#### Supplied information ####
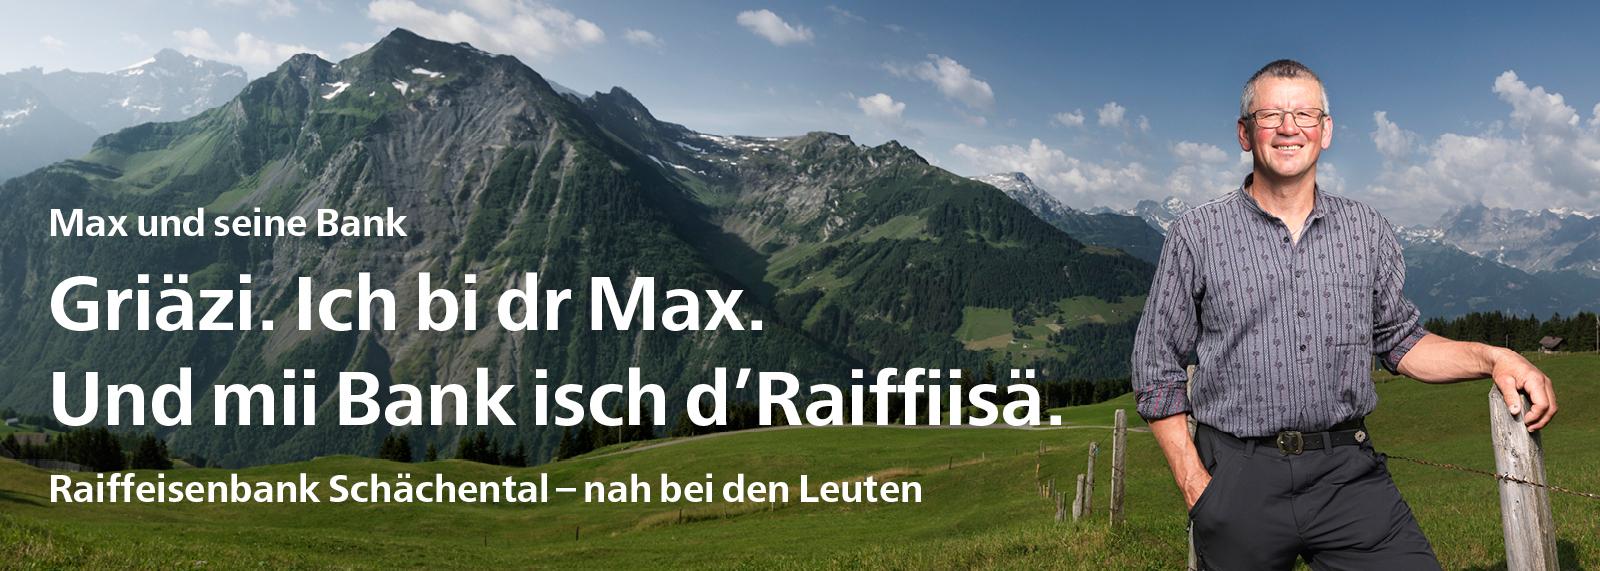 Die Delegierten der Raiffeisenbanken haben an der heutigen ausserordentlichen Delegiertenversammlung von Raiffeisen Schweiz Guy Lachappelle mit überwältigendem Mehr zum Verwaltungsratspräsidenten von Raiffeisen Schweiz gewählt.
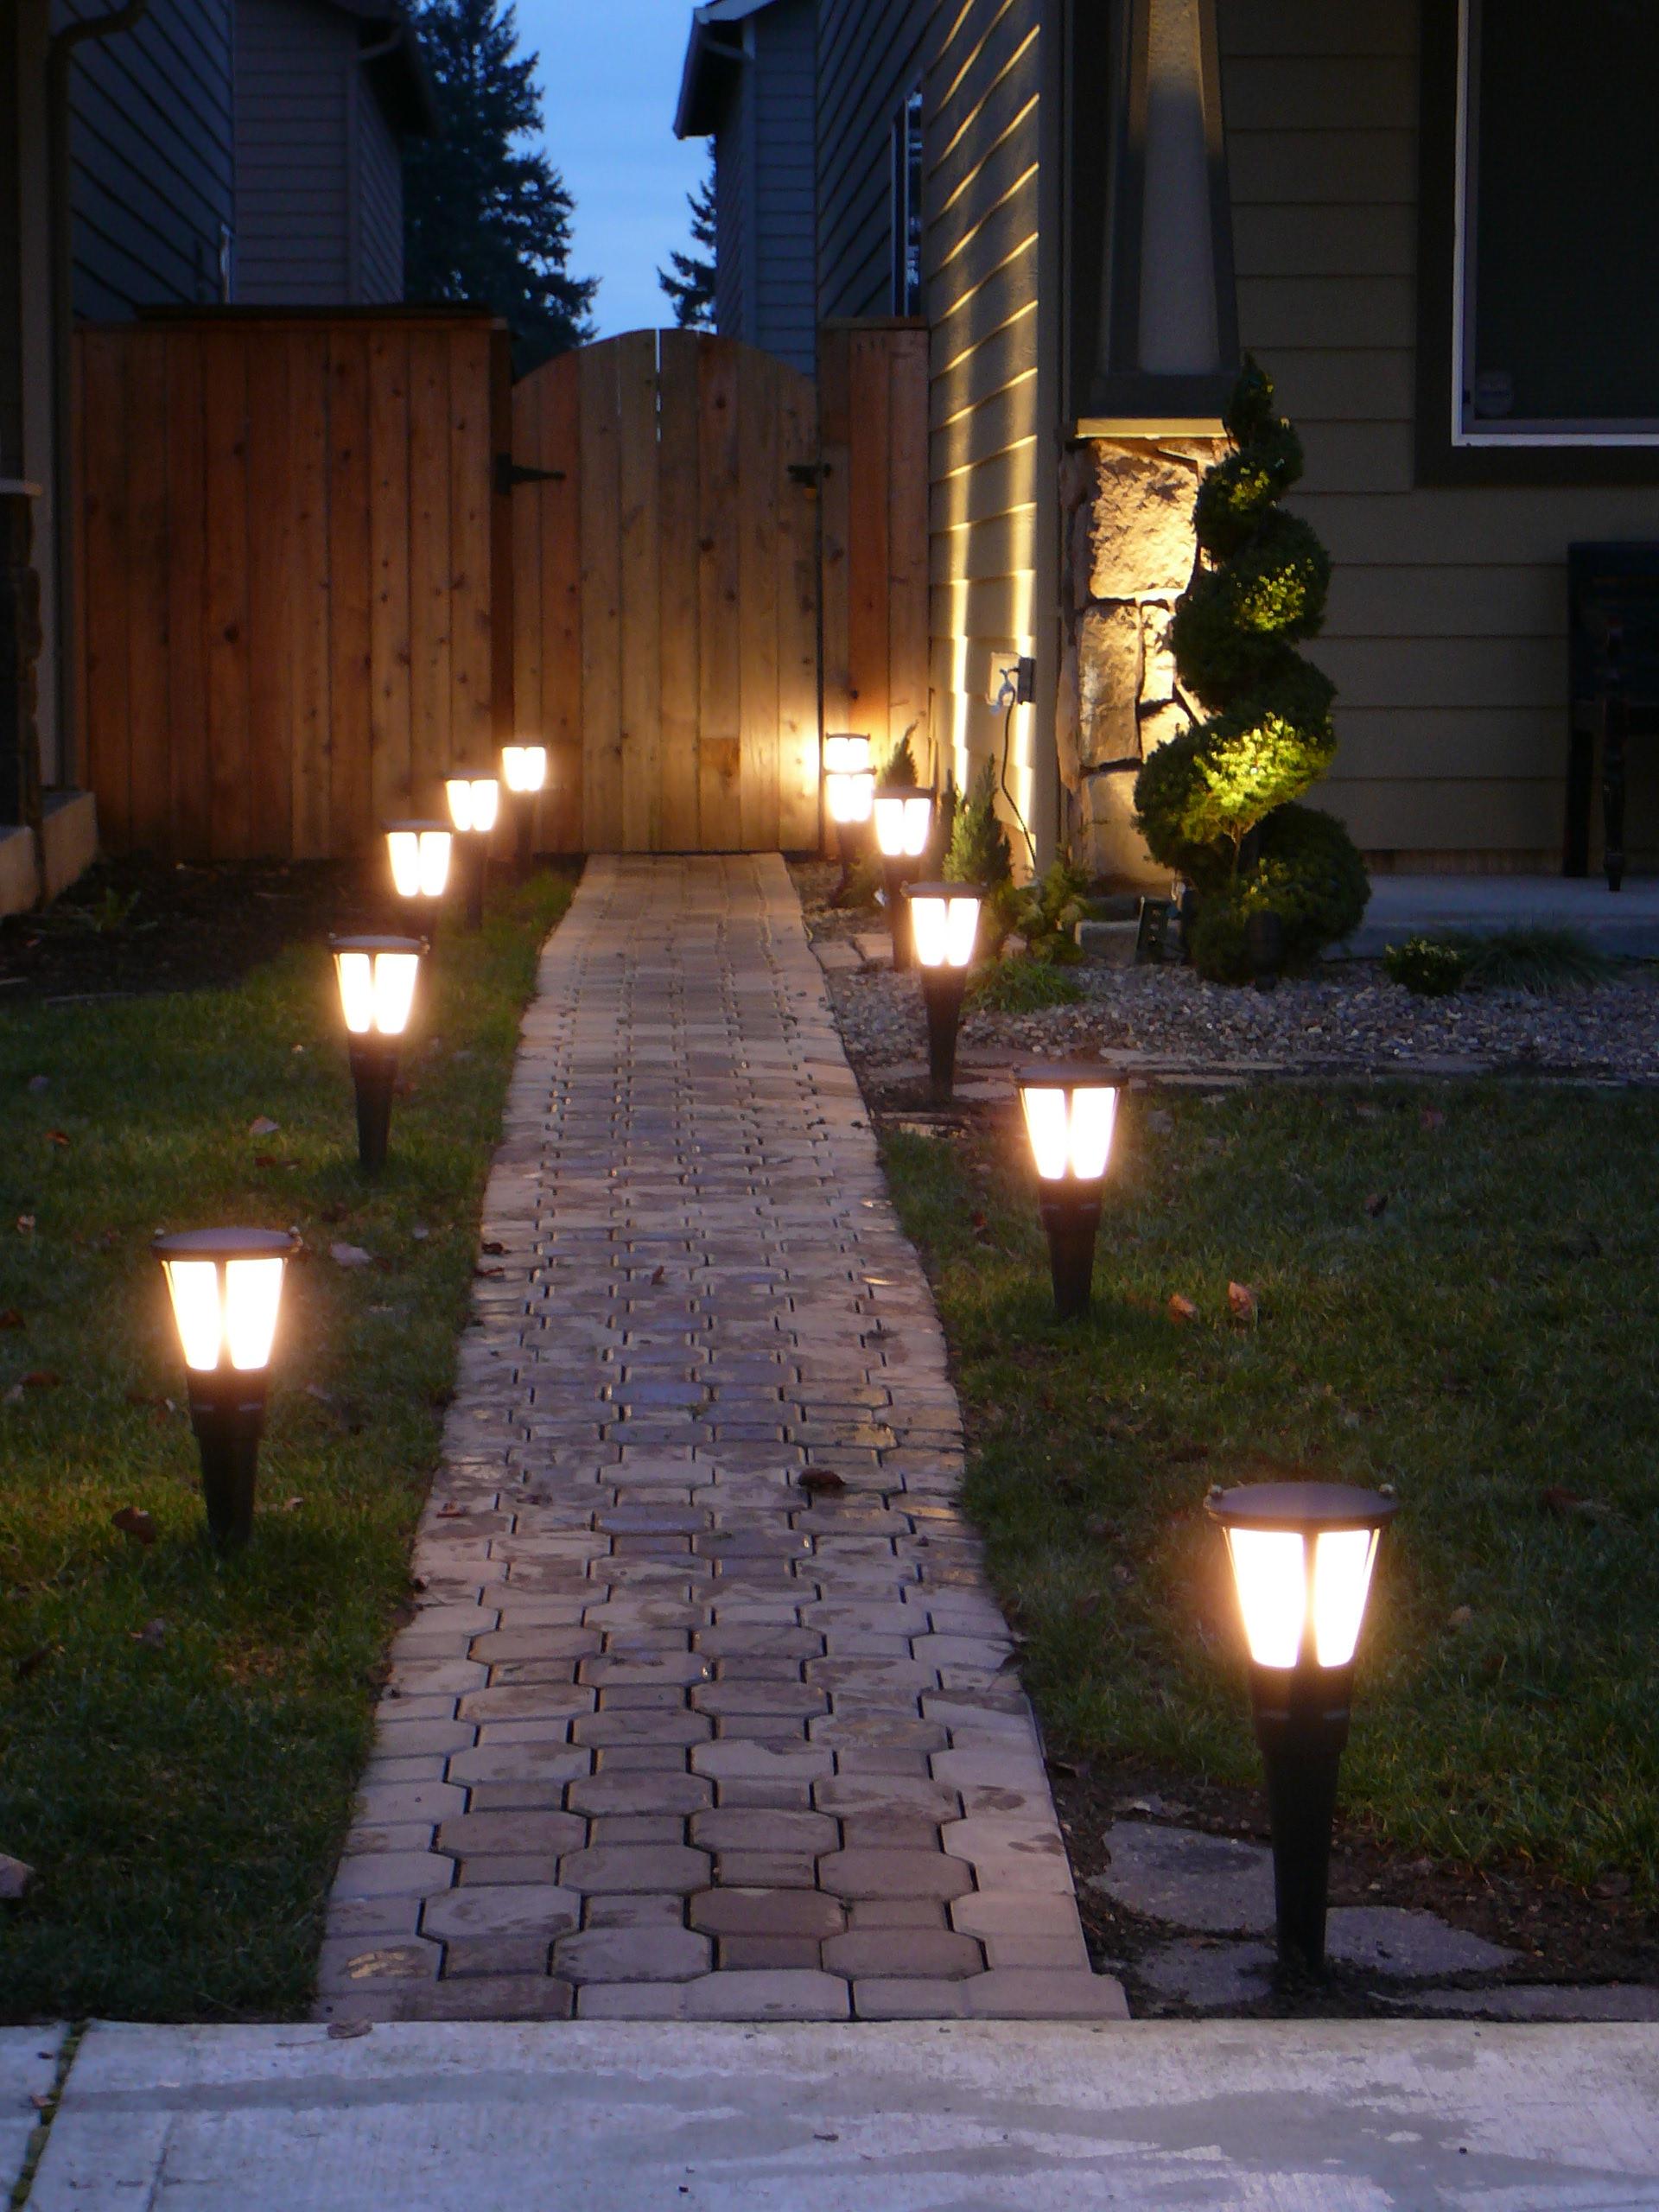 Устанавливаем фонари перед домом
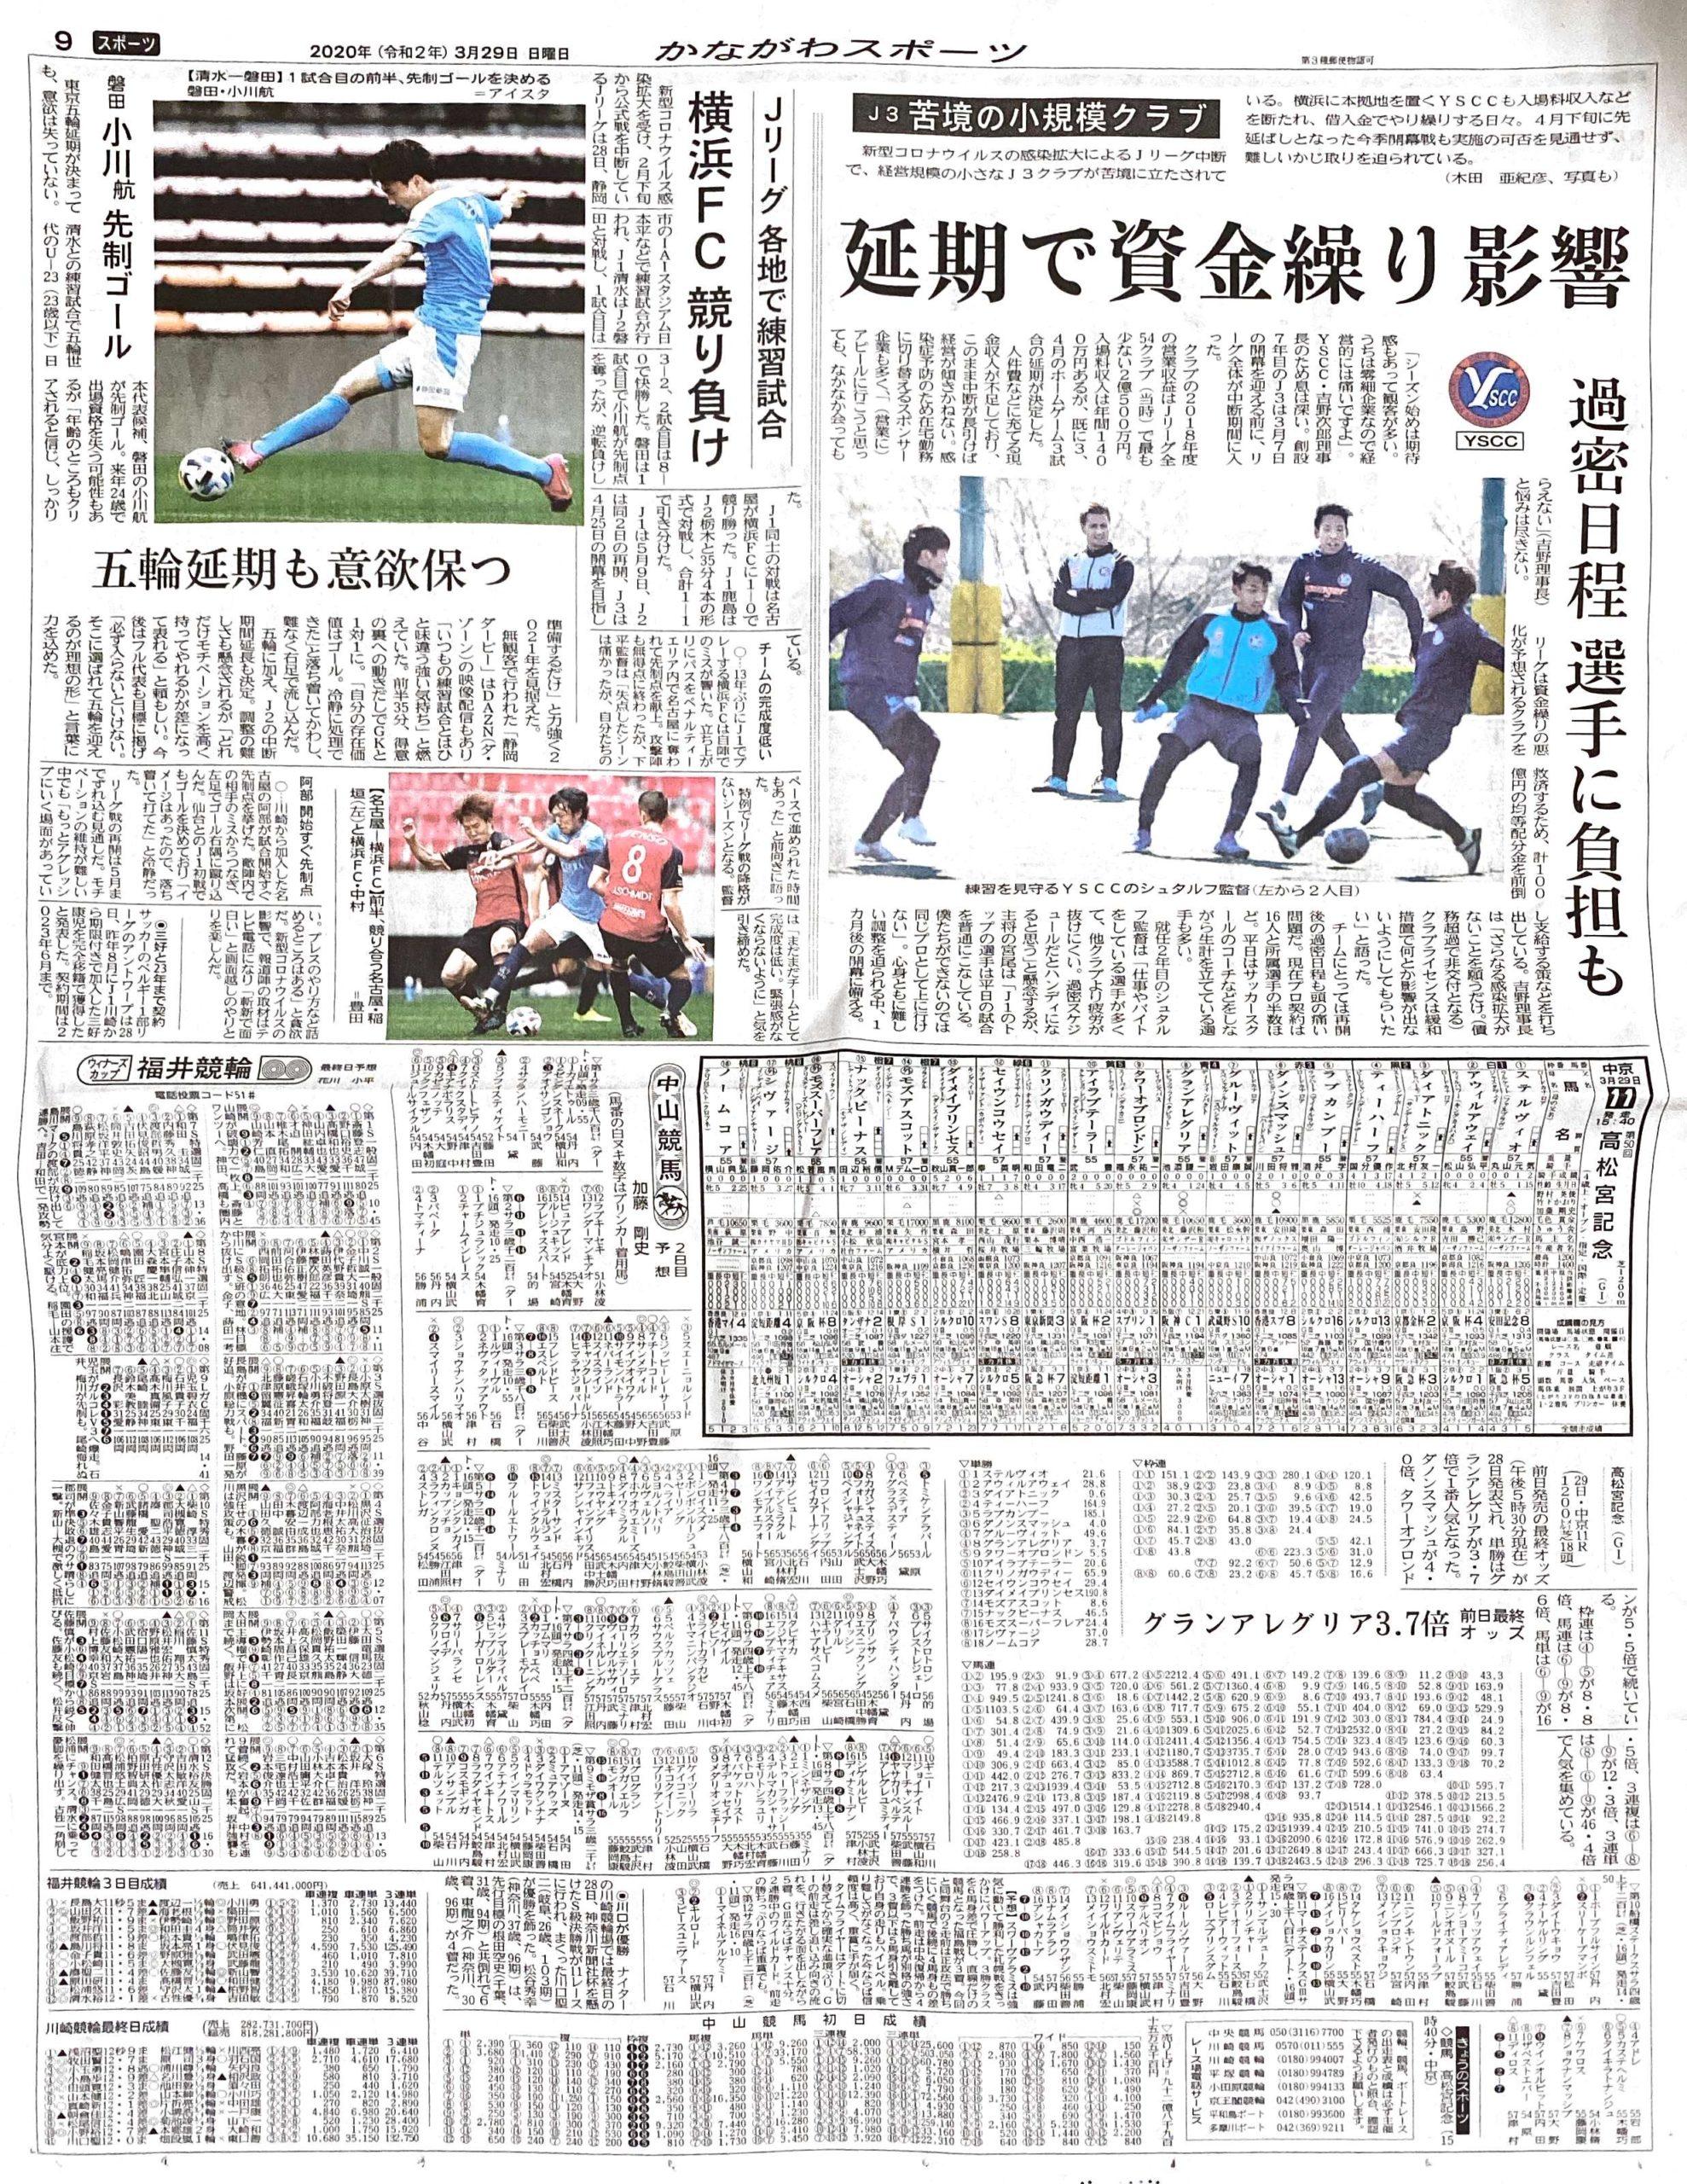 かながわスポーツに記事が掲載されました
####
§ What is needed
Transcribe the whole listing exactly. Pictures stay out of your copy.

§ Exercise solution
 Die Delegierten der Raiffeisenbanken haben an der heutigen ausserordentlichen Delegiertenversammlung von Raiffeisen Schweiz Guy Lachappelle mit überwältigendem Mehr zum Verwaltungsratspräsidenten von Raiffeisen Schweiz gewählt.
 Устанавливаем фонари перед домом
 かながわスポーツに記事が掲載されました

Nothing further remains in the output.